Afterward, the same set of record can not be accepted again, for
example, record: A=1, B=2 and A=2, B=1 both are acceptable. In other
words, record: A=1, B=1 can not be saved in database.

So how to check and prevent a new record that has the same columns with
same values tend to be saved in database?

Frank

limatsao · April 11, 2008, 10:42pm

On Apr 11, 2008, at 3:36 PM, Frank T. wrote:

So how to check and prevent a new record that has the same columns
with
same values tend to be saved in database?

Try creating a unique database index that spans the two columns.

Regards

Dave

limatsao · April 11, 2008, 10:48pm

-----BEGIN PGP SIGNED MESSAGE-----
Hash: SHA1

Frank T. wrote:
| Hi, everyone,
|
| I am a beginner in ruby programming and I have a minor question about
| data checking, if someone who could give me a suggestion that would be
| great.
|
| The system needs to prevent a duplicated record happened in database,
| the record is consisted of two fields which are column A and column B.
| Supposing a record has been saved in database that the A=1, B=1.
| Afterward, the same set of record can not be accepted again, for
| example, record: A=1, B=2 and A=2, B=1 both are acceptable. In other
| words, record: A=1, B=1 can not be saved in database.
|
| So how to check and prevent a new record that has the same columns with
| same values tend to be saved in database?

Most database systems can handle that, be defining a UNIQUE constraint
on columns.

However, that means that A = 1 and B = 2 won’t work.

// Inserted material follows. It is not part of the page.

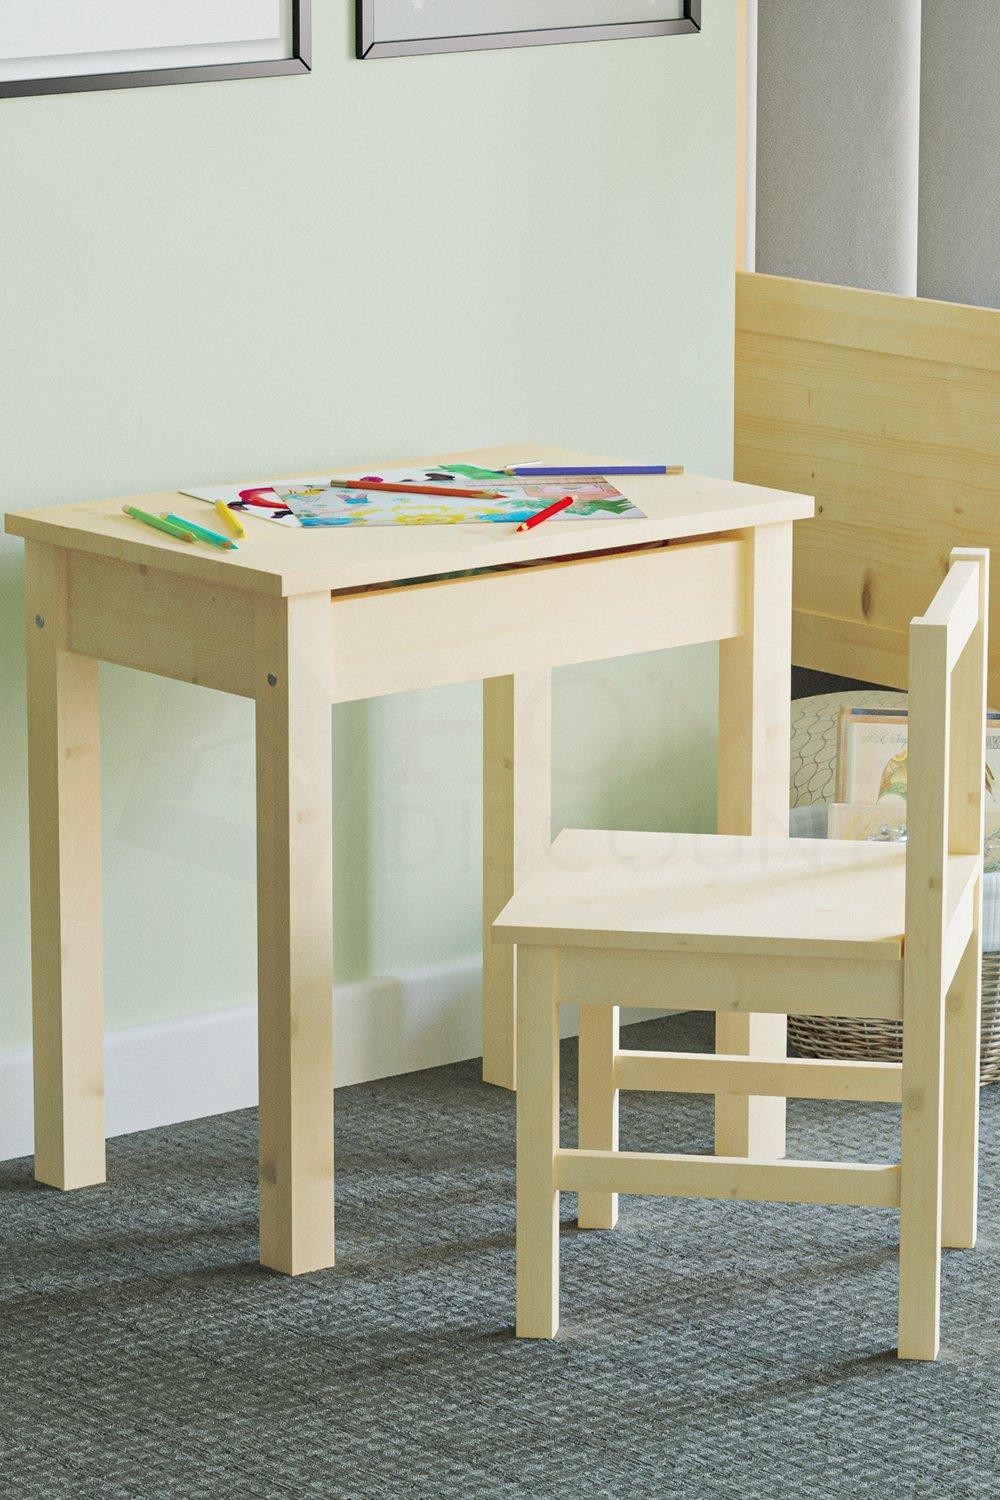 Junior Vida Aries Desk & Chair Children Kids Furniture

Different methods to access databases have different ways to handle
these kinds of collisions, or at least different ways to implement the
collision detection.

(For example, you can fetch all records, and check if they are already
set, but that is rather bad for memory consumption and speed, but might
be enough in your case.)

So, if you can tell us how you access your database (and what it is), we
can help you out much better.

Phillip G.
Twitter: twitter.com/cynicalryan

~ - You know you’ve been hacking too long when…
…your brain keeps hallucinating random “system error: collision with
stack heap” or “Guru Meditation Mode # Three billion and fifty-two,
press left button to continue” or even “This is not a DOS disk.” error
messages.
-----BEGIN PGP SIGNATURE-----
Version: GnuPG v1.4.8 (MingW32)
Comment: Using GnuPG with Mozilla - http://enigmail.mozdev.org

iEYEARECAAYFAkf/zngACgkQbtAgaoJTgL/2mwCfU4Ndpir25pE11+V9JyTYvAmB
CAkAn0N6erBRi8ISLPD/ptHkM/GhFMGU
=oV1Q
-----END PGP SIGNATURE-----

limatsao · April 11, 2008, 11:03pm

On Apr 11, 2008, at 3:47 PM, Phillip G. wrote:

Most database systems can handle that, be defining a UNIQUE constraint
on columns.

However, that means that A = 1 and B = 2 won’t work.

Sure it will- you define the unique index to span the two columns, and
then only non-unoque combinations of those columns will fail.

Dave

limatsao · April 12, 2008, 1:01am

[email protected] wrote:

If you are using Rails and migrations

add_index(:table, [:column1, :column2], :unique => true)

if not something like this sql

CREATE UNIQUE INDEX index_name ON table(column1,column2);

Becker

Thanks for your help, but the situation in A=1, B=2 or A=2, B=1 that
wont be accepted if using unique.

My point is that when record(A=1, B=1) was existed in database, any new
record(A=1, B=1) can not be valided. They can be (A=1, B=2), (A=1, B=3)
or (A=5, B=1) etc.

limatsao · April 12, 2008, 1:02am

Dave T. wrote:

On Apr 11, 2008, at 3:36 PM, Frank T. wrote:

So how to check and prevent a new record that has the same columns
with
same values tend to be saved in database?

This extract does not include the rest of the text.